The Arts of Beauty/Chapter 4

CHAPTER IV.

HOW TO ACQUIRE A BRIGHT AND SMOOTH SKIN.

The most perfect form will avail a woman little, unless it possess also that brightness which is the finishing touch and final polish of a beautiful lady. What avails a plump and well-rounded neck or shoulder if it is dim and dingy withal? What charm can be found in the finest modelled arm if its skin is coarse and rusty? A grater, even though moulded in the shape of the most charming female arm, would possess small attractions to a man of taste and refinement.

I have to tell you, ladies—and the same must be said to the gentlemen, too—that the great secret of acquiring a bright and beautiful skin lies in three simple things, as I have said in my lecture on Beautiful Women—temperance, exercise, and cleanliness. A young lady, were she as fair as Hebe, as charming as Venus herself, would soon destroy it all by too high living and late hours. "Take the ordinary fare of a fashionable woman, and you have a style of living which is sufficient to destroy the greatest beauty. It is not the quantity so much as the quality of the dishes that produces the mischief. Take, for instance, only strong coffee and hot bread and butter, and you have a diet which is most destructive to beauty.
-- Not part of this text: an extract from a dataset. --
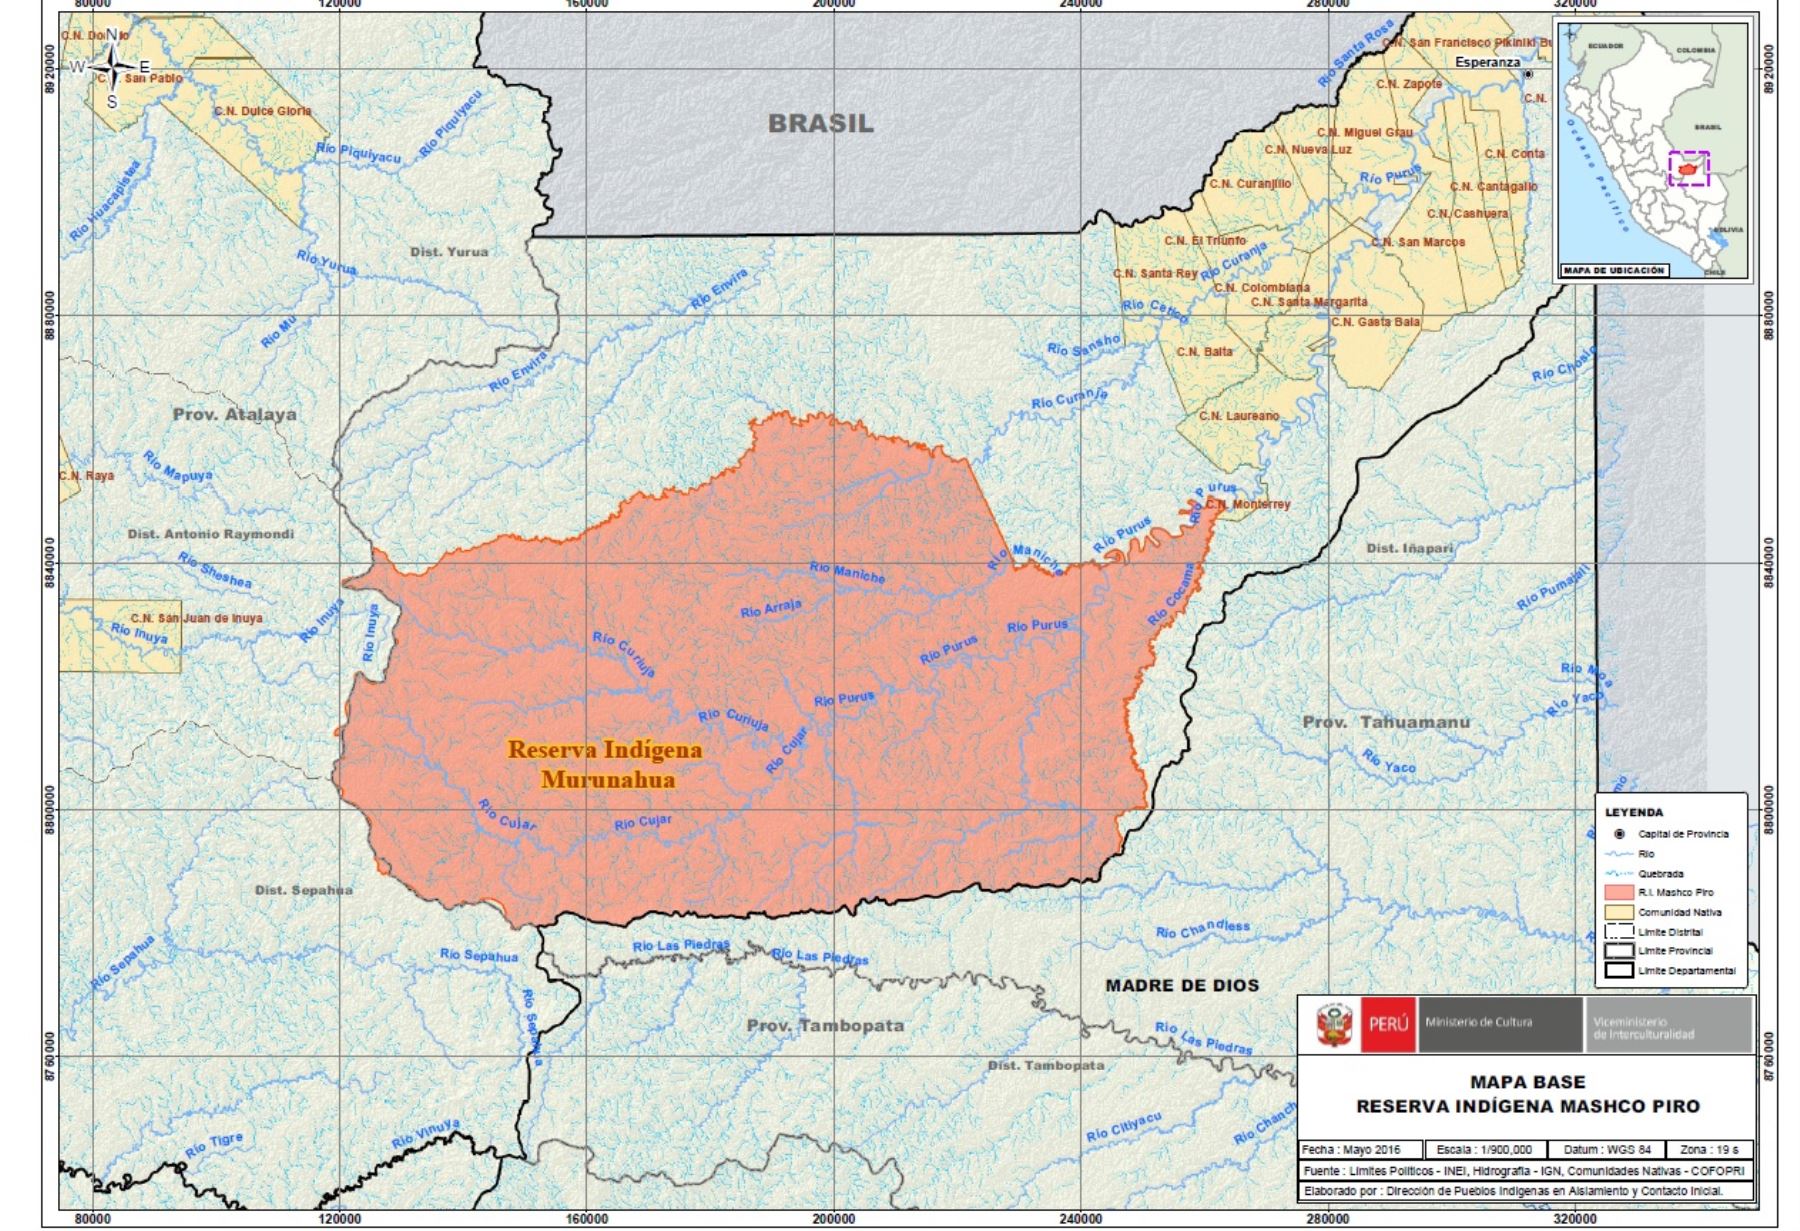 Mapa de la Reserva Indígena Mashco Piro. Imagen: Ministerio de Cultura.
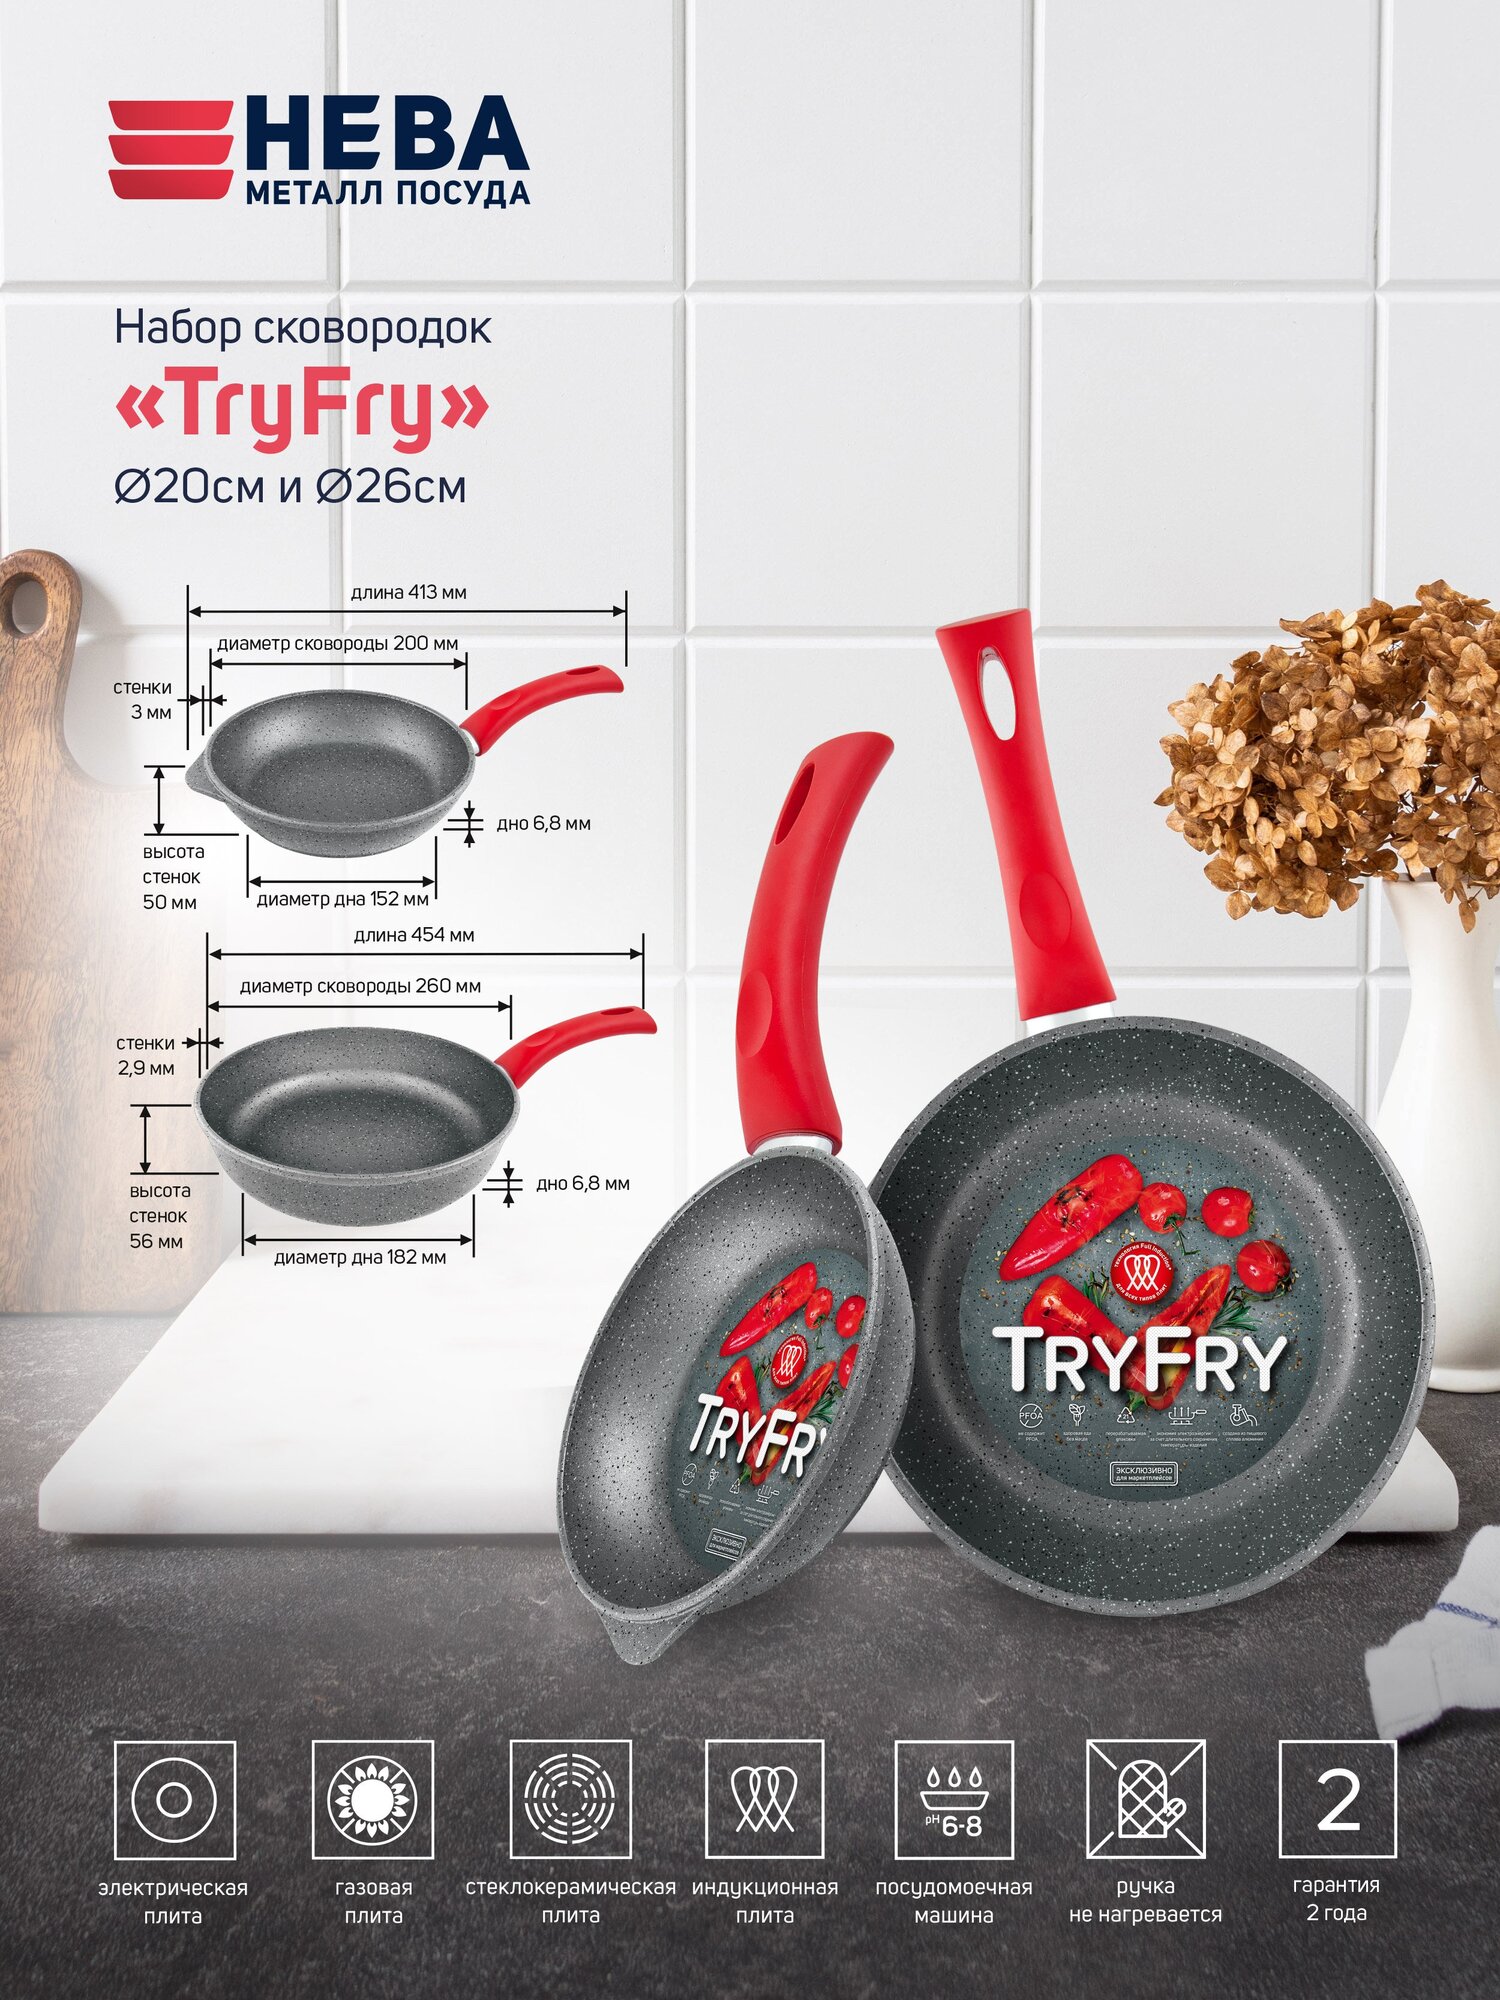 Набор сковородок с антипригарным покрытием для Индукционной плиты "TryFry" Нева Металл Посуда 2 шт

The heated grease, long in dulged in, is sure to derange the stomach, and, by creating or increasing bilious disorders, gradually overspreads the fair skin with a wan or yellow hue. After this meal comes the long fast from nine in the morning till five or six in the afternoon, when dinner is served, and the half-famished beauty sits down to sate a keen appetite with peppered soups, fish, roast, boiled, broiled, and fried meat; game, tarts, sweet-meats, ices, fruits, etc., etc., etc. How must the constitution suffer in trying to digest this mélange! How does the heated complexion bear witness to the combustion within! Let the fashionable lady keep up this habit, and add the other one of late hours, and her own looking-glass will tell her that 'we all do fade as the leaf.' The firm texture of the rounded form gives way to a flabby softness, or yields to a scraggy leanness, or shapeless fate. The once fair skin assumes a pallid rigidity or bloated redness, which the deluded victim would still regard as the roses of health and beauty. And when she at last becomes aware of her condition, to repair the ravages she flies to paddings, to give shape where there is none; to stays, to compress into form the swelling chaos of flesh; and to paints, to rectify the dingy complexion. But vain are all these attempts. No; if dissipation, late hours, and immoderation have once wrecked the fair vessel of female charms, it is not in the power of Esculapius himself to right the shattered bark, and make it ride the sea in gallant trim again."[1]

Cleanliness is a subject of indispensable consideration in the pursuit of a beautiful skin. The frequent use of the tepid bath is the best cosmetic I can recommend to my readers in this connection. By such ablutions, the accidental corporeal impurities are thrown off, cutaneous obstructions removed; and while the surface of the body is preserved in its original brightness, many threatening disorders are prevented. It is by this means that the women of the East render their skins as soft and fair as those of the tenderest babes. I wish to impress upon every beautiful woman, and especially upon the one who leads a city life, that she cannot long preserve the brightness of her charms without a daily resort to this purifying agent. She should make the bath as indispensable an article in her house as her looking-glass.

  1. My Lecture on Beautiful Women.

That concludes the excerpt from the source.